Adobe’s share price fell dramatically on 10 June after analysts at Mizuho Bank lowered their price from $600 to $530. The firm is expected to release earnings per share of $3.30 when it announces its financial results this week — if it delivers a surprise, investors could come flocking back to the tech stock.
Software provider Adobe [ADBE] has been no exceptional performer in the recent tech market downturn, with its share price down 30.5% year-to-date as of 10 June to close at $393.84. In fact, the stock’s most recent close means that it’s hovering at its lowest level in two years — the last time it sat around the $390 mark was in early June 2020.
The stock’s slump worsened at the end of last week, when analysts at Mizuho Bank announced that they were lowering their price target from $600 to $530. The Adobe share price closed 8% down that day.
When the company announces its latest set of financial results on 16 June, investors will be hoping to see a return to profit in those numbers.
How did Adobe perform in Q1 2022?
Any good news would be a welcome contrast to Adobe’s first-quarter earnings announcement in March.
While the firm’s revenues were looking healthy — it recorded record revenues of $4.26bn, up 9% year-over-year — its profits had barely increased, with net income rising from £1.261bn in Q1 2021 to $1.266bn in Q1 2022
The firm also announced that it was halting sales in Russia and Belarus following the former’s invasion of Ukraine. As a result of this, it said it needed to lower its targets for the full fiscal year. It estimates that it will miss out on $75m of recurring revenue in 2022 as a result of exiting these markets. It also expects lower demand in Ukraine, estimating revenues from the region to come in around $12m lower for the year.
Following the announcement, Deutsche Bank and Piper Sandler lowered their price targets on the stock from $660 to $575 and $600 to $545, respectively. Adobe’s share price had fallen 9% by that day’s market close.
To make up for those losses, Adobe already appears to be making moves to strengthen its offerings around digital advertising and experience. On 7 June, it announced a partnership with Home Depot [HD] that would allow the homewares retailer to identify where it can optimise its website and marketing materials in order to deliver a more personalised customer experience. Adobe also recently struck a deal with AI firm Pencil, whereby the Singapore-based startup’s automation technology will be integrated into Adobe’s After Effects video software, making it quicker for users to create adverts.
Do analysts see Adobe’s share price as a ‘buy’?
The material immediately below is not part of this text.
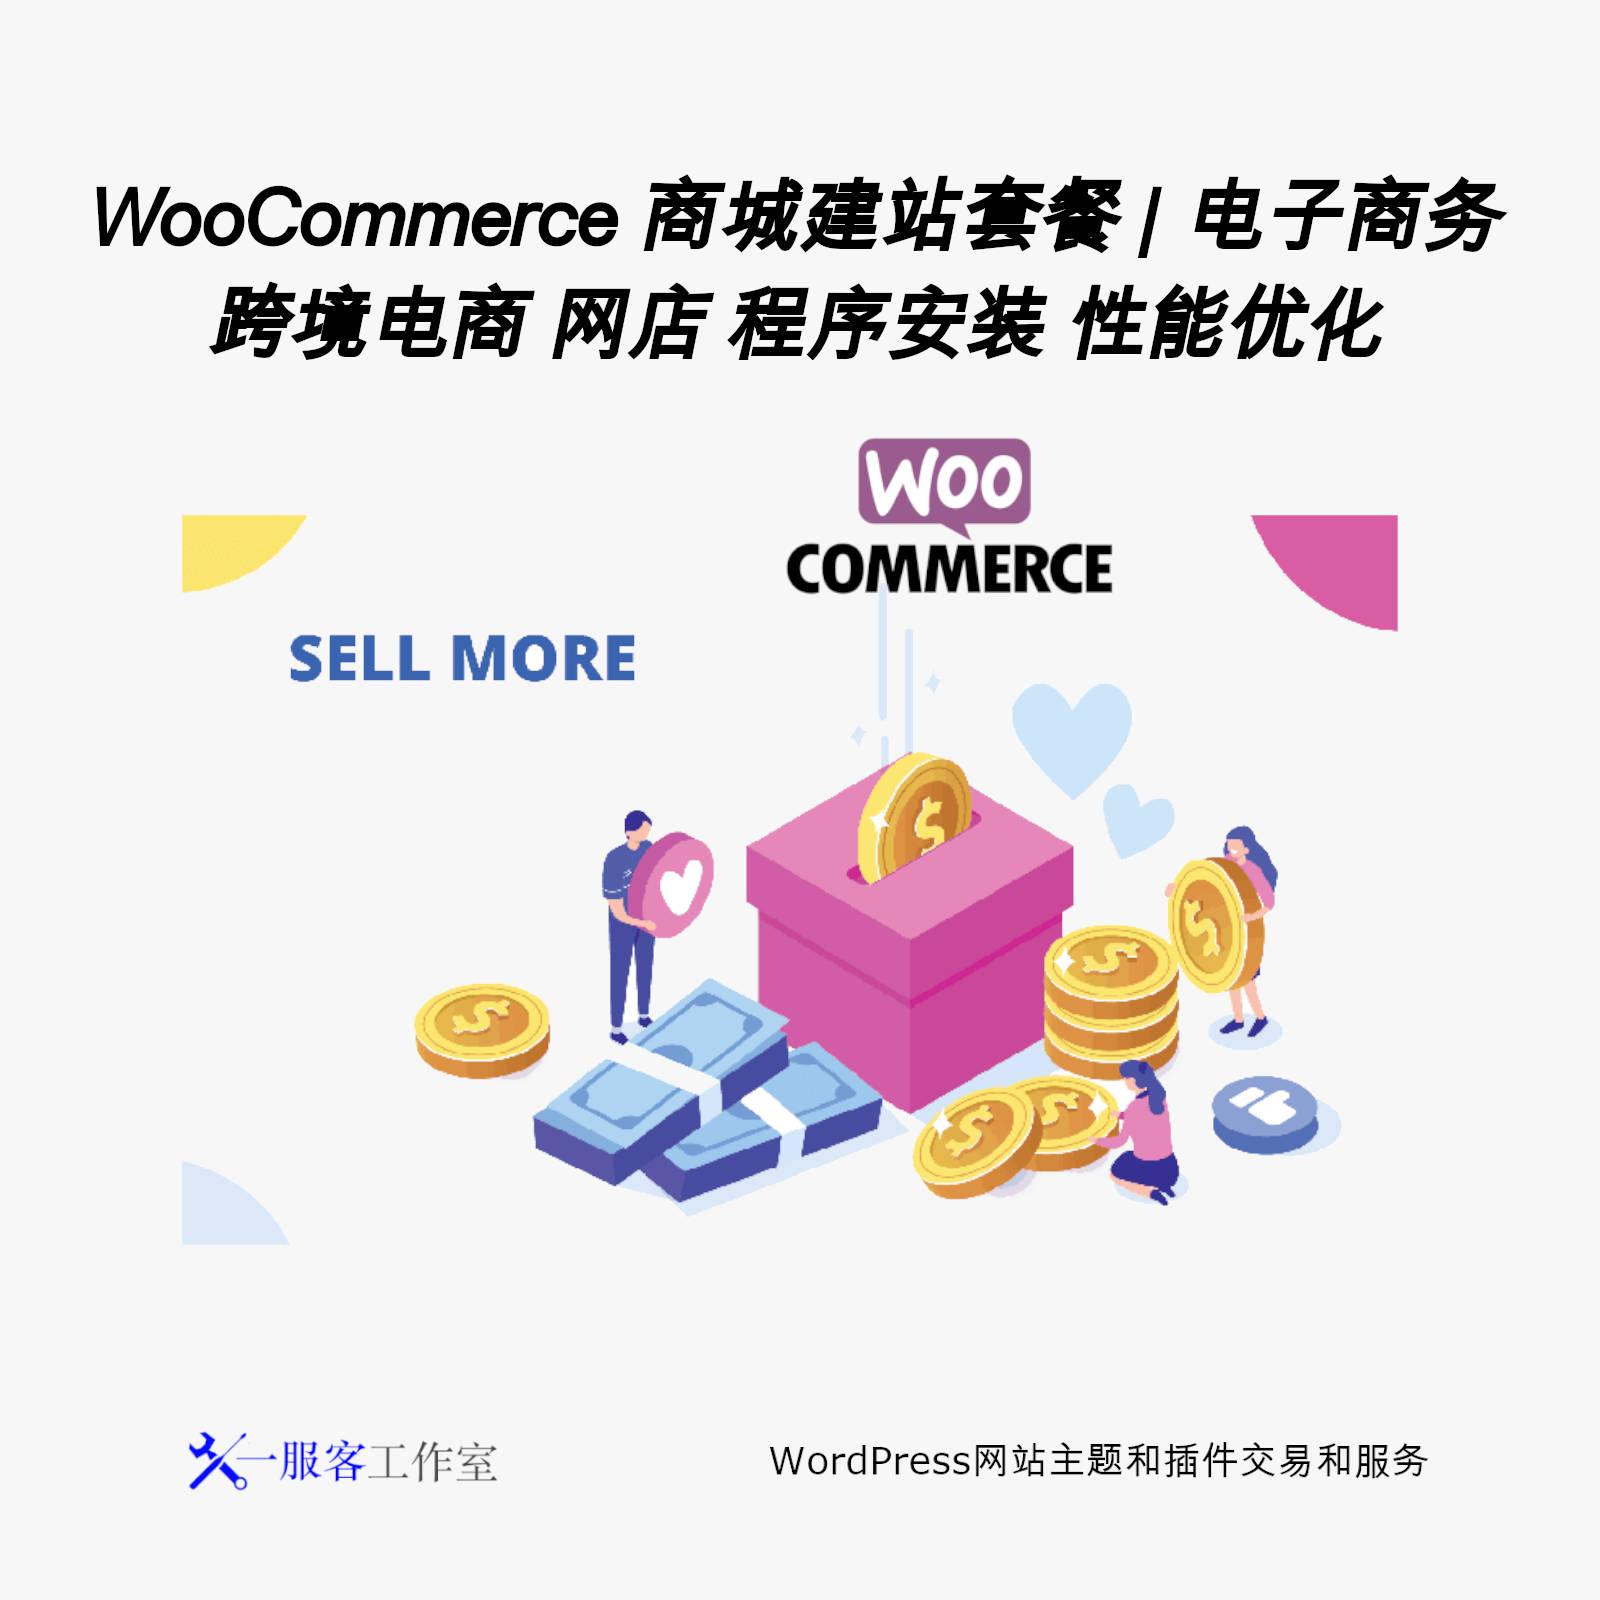 WooCommerce电子商务系统建站套餐部署   电子商务 跨境电商 网店 程序安装 性能优化

Analysts at Zacks Investment Research expect Adobe to announce sales of $4.3bn and earnings per share of $3.30, a rise of 13.12% and 8.9% year-over-year, respectively The software company has consistently delivered an earnings surprise over the past four quarters, meaning it’s not unfeasible that it could do so again.
Still, a surprise doesn’t always guarantee the share price will rise. In May’s set of results, earnings per share came in 0.9% ahead of predictions. This was not enough to offset the pessimism investors felt around other parts of the earnings announcement.
Analysts have been lowering their price targets on the stock in recent months. As well as lowering its price target, Piper Sandler rates the stock as ‘overweight’. Jefferies has cut its target by $20 to $550, while Royal Bank of Canada slashed its price target from $650 to $600.
One the flip side, some analysts are incredibly enthusiastic about the stock at the moment, seeing it as a low-priced bargain. Speaking to BNN Bloomberg, Baskin Wealth Management chief investment officer Barry Schwartz said “we’re excited to own shares of Adobe here”. He said the stock is one of his top picks for the year ahead, now that it “has finally dropped to around 25x earnings with 4% free cash flow yield”.
According to MarketBeat, the consensus analyst price target on Adobe stock is $569.38, representing a potential 45% upside on the 10 June closing price. 21 analysts rate the stock a ‘buy’, while five recommend it as a ‘hold’.